As you'll recall, that happened last year.

Lehigh started 0-2 and was trailing Penn with under a minute to play before halftime.  On the final drive before the half, the Mountain Hawks scored a game-typing touchdown, which seemed to propel Lehigh to victory in that game.

What wasn't immediately apparent until weeks later was that moment, and that win, subsequently seemed to bring a huge spurt of momentum that had them get nine straight wins and a Patriot League championship.  Some fans seemed like they were ready to give up after losing to Villanova.

You didn't hear much grousing from the boo birds again after the Penn game.  In that sense, the players did an effective job shutting people up.

There are other examples of Patriot League championship teams starting slow and ending with epic finishes.

In 2015, Colgate started out with an 0-3 record and lost to Yale at home, 29-28, in heartwrenching fashion.  But the Raiders that year built picked themselves up and got stronger and stronger every week, starting with a 31-14 win over Holy Cross that was much more interesting than the final score might indicate, and then blossoming into win after Patriot League win.

Not only did Colgate win that championship, they moved on and beat James Madison in what now seems like one of the greatest wins in Patriot League playoff history.  Since November 14th, 2015, James Madison has lost exactly two football games.  One was to North Carolina.  The other was to that Colgate team.

This is one of the greatest things about the FCS and the playoffs that sometimes goes underreported.  In the FBS, with only four teams in the running for the trophy, one loss or even one less-than-blowout win in September can wreck your entire season.  But in the FCS, and especially in the Patriot League, it's the league that's the most important thing.  It is possible to start 0-3 and still rally to have a successful championship season - and do great things.

That's not to say that it's easy - it might require a lot of weeding, let's just say - but as I saw senior DT Jimmy Mitchell say on Saturday, the goal of the Patriot League Championship is still right there for the taking.  That is true.

Beyond the obvious "you'll get a great education" answer, the big rewards for playing football at Lehigh is, one, you will have a very good opportunity to graduate with a Patriot League Championship, and two, you will be remembered for what you do.
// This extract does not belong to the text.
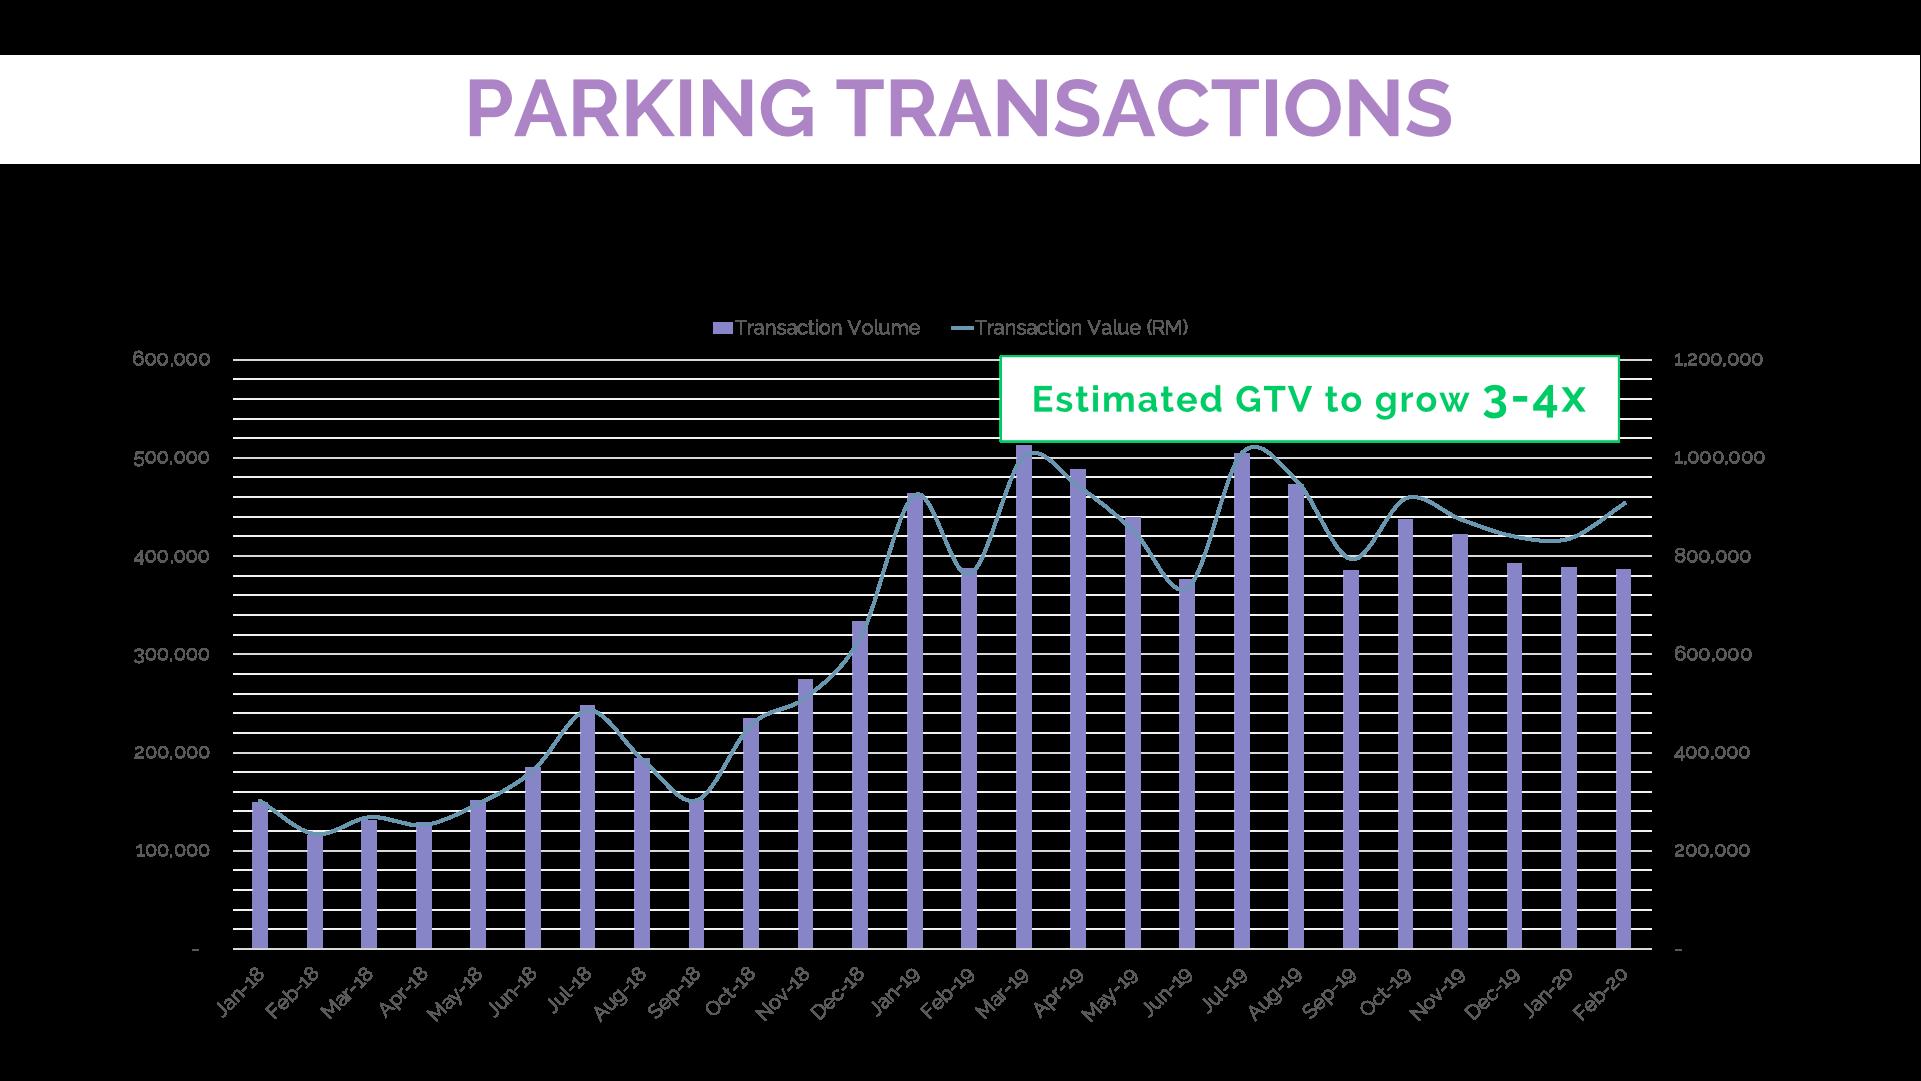 Parking Transaction

And for my part, I try to make people aware of the good things that they coaches do and the players achieve.

With that comes acknowledgement when the team doesn’t achieve what fans want and expect, that gets reported too.  It’s not all touchdowns and no turnovers - sometimes, struggle is a part of the story.  I can't do a rewrite of the script of the Yale game and erase the turnovers and the points scored.  I have to report what is seen and experienced, even if the frustration is mine.

And I'd be lying if I said that, at this early time, Lehigh looks like a team that will win the Patriot League.  Not after a week where Holy Cross put up 51 on New Hampshire and made their "challenging" game against the Wildcats into a shocking laugher.  Right now, out of the gate, Holy Cross looks like they might have what it takes to win the trophy.

I like to think I give an honest assessment of how Lehigh is doing, and I think that my goal always is to “build the team up” in the sense that I want the team to be excellent and to work towards excellence.

That isn’t always an 11-0 record, incidentally. Sometimes it’s starting 0-3 and battling back to have a successful season.

I’ve written about 4-7 seasons that were sheer agony to watch but beat Lafayette and ended up heroes. (In fact, that 4-7 season set up a string of championships, a fact alluded to by championship players and head coach Andy Coen himself.)

I went to a lot of those games during that 4-7 year and attended a bunch of unhappy press conferences. But in the end it was worth it for the players and fans. And their seasons were immortalized.

I ain’t going anywhere. I’ll be here. When the wins come, I’ll be here. The negativity will pass - it always does. When it does, I’ll tell people about it.  I always do.

And if I sometimes get frustrated, there are still some weeds left in the garden to pull.